Given information:
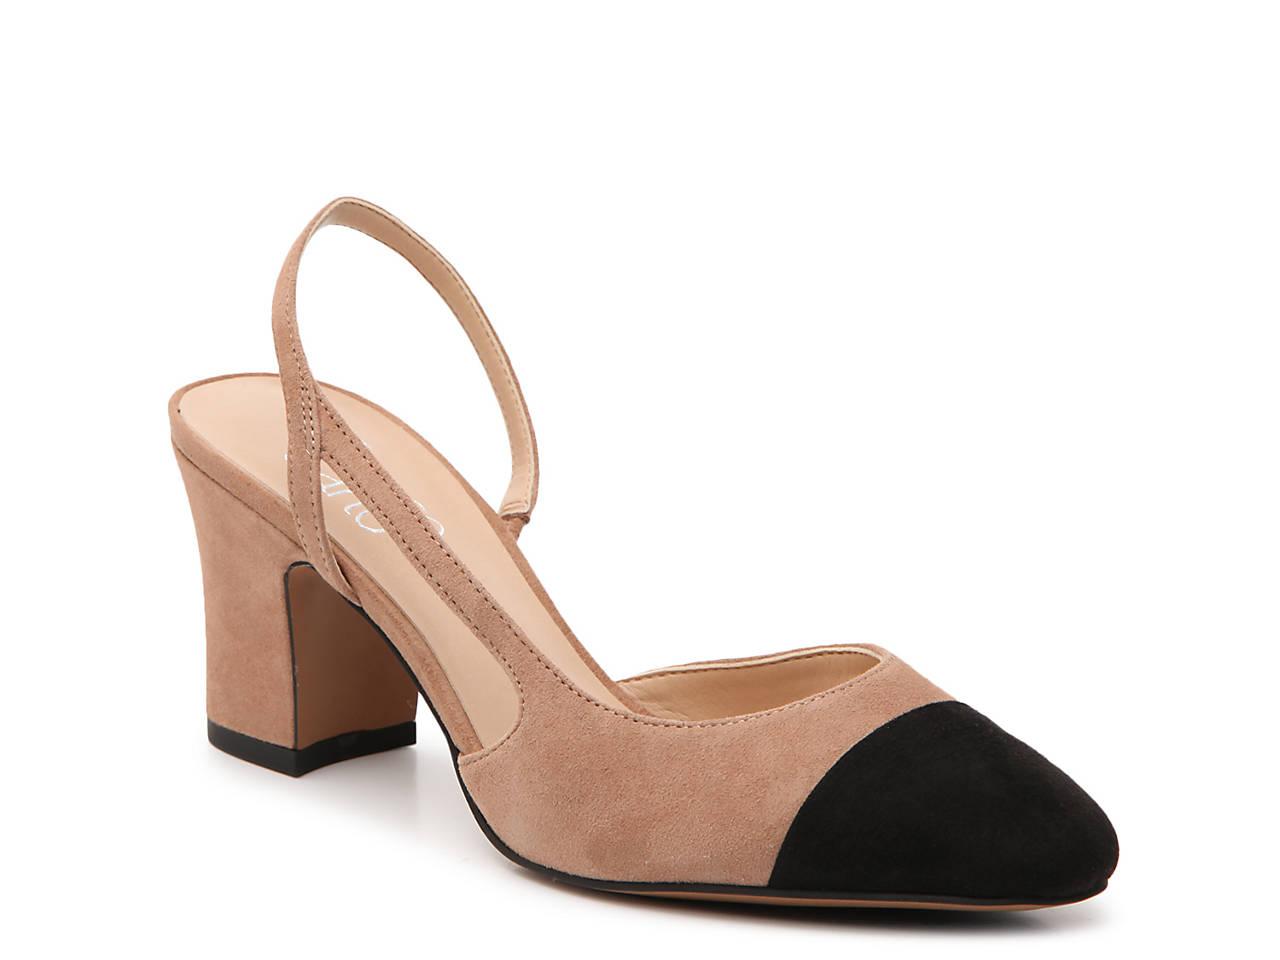 c4cbc8d1dd759b Franco Sarto Imogen Pump Women s Shoes
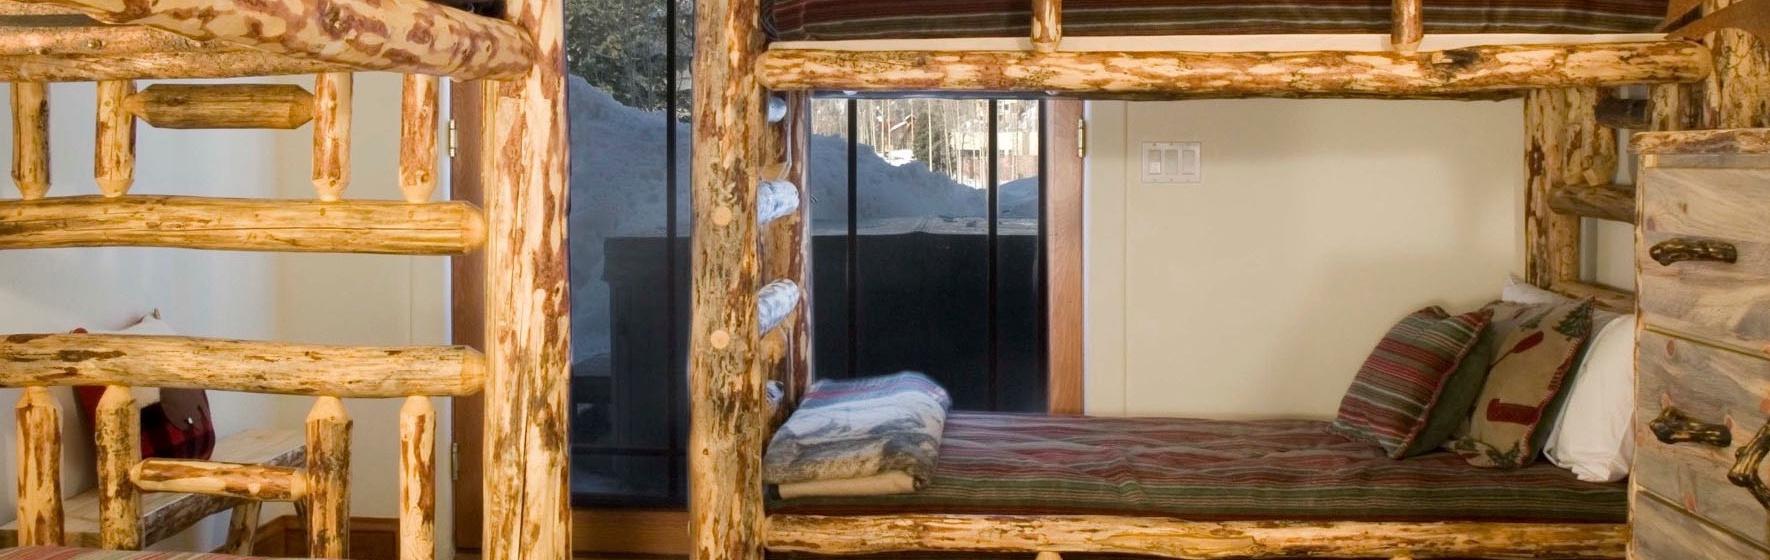 15-MountainVillage-PineMeadows138-BunkRoom-V12.jpg
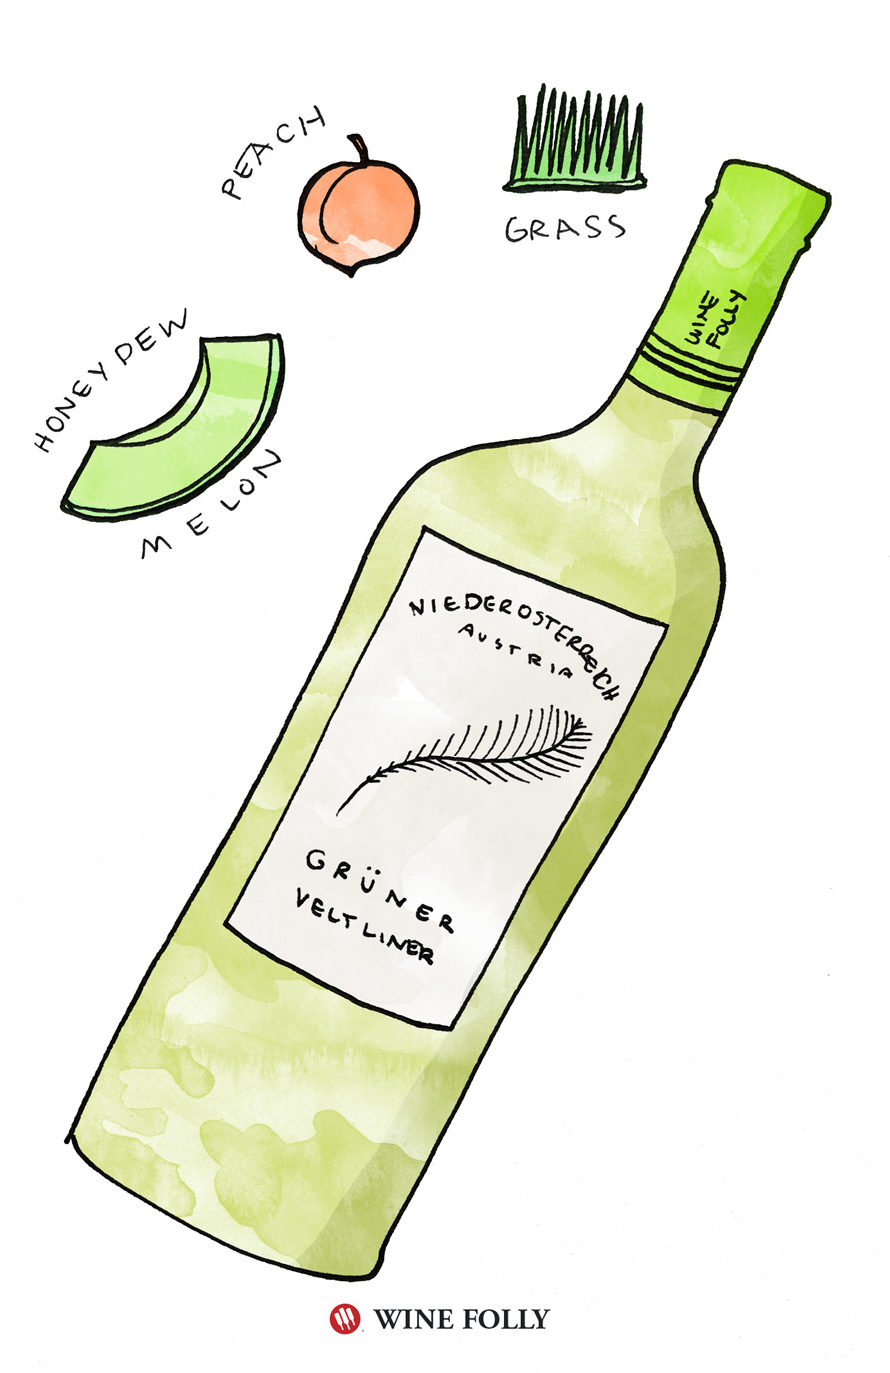 Gruner Veltliner Tasting Notes Illustration by Wine Folly
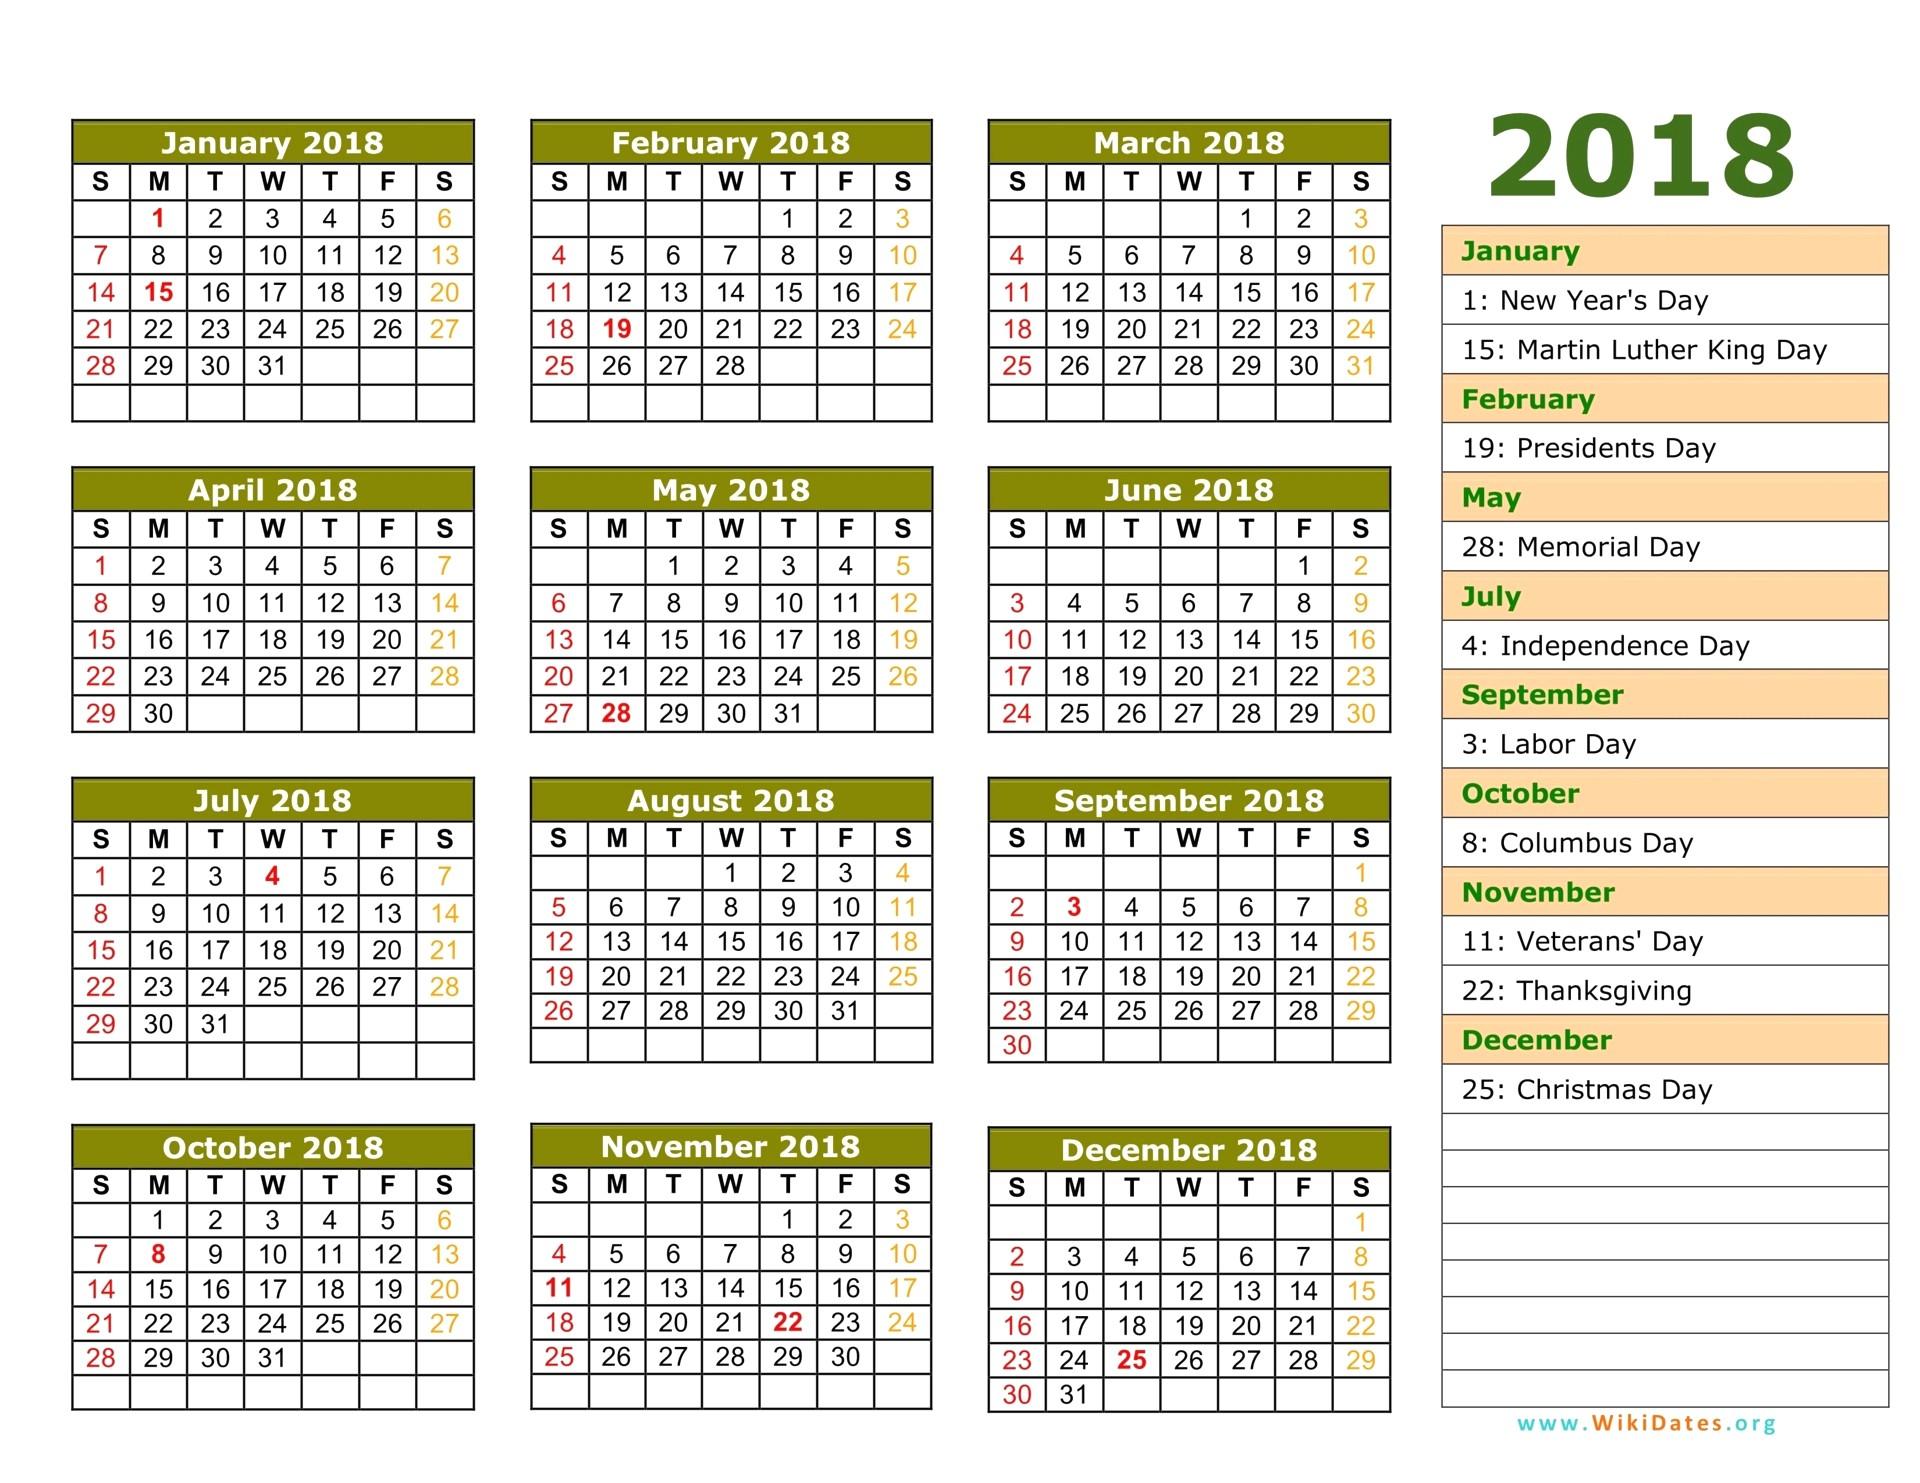 Calendar 2019 Usa Más Populares New 45 Examples Ocps Calendar 2019 Of Calendar 2019 Usa Más Recientes Weight Loss Calendar 2019 2019 Yearly Calendar Free Printable Simply

Problem description: Repeat the data exactly in full, omitting its pictures.

Result of the exercise:
 c4cbc8d1dd759b Franco Sarto Imogen Pump Women s Shoes
 15-MountainVillage-PineMeadows138-BunkRoom-V12.jpg
 Gruner Veltliner Tasting Notes Illustration by Wine Folly
 Calendar 2019 Usa Más Populares New 45 Examples Ocps Calendar 2019 Of Calendar 2019 Usa Más Recientes Weight Loss Calendar 2019 2019 Yearly Calendar Free Printable Simply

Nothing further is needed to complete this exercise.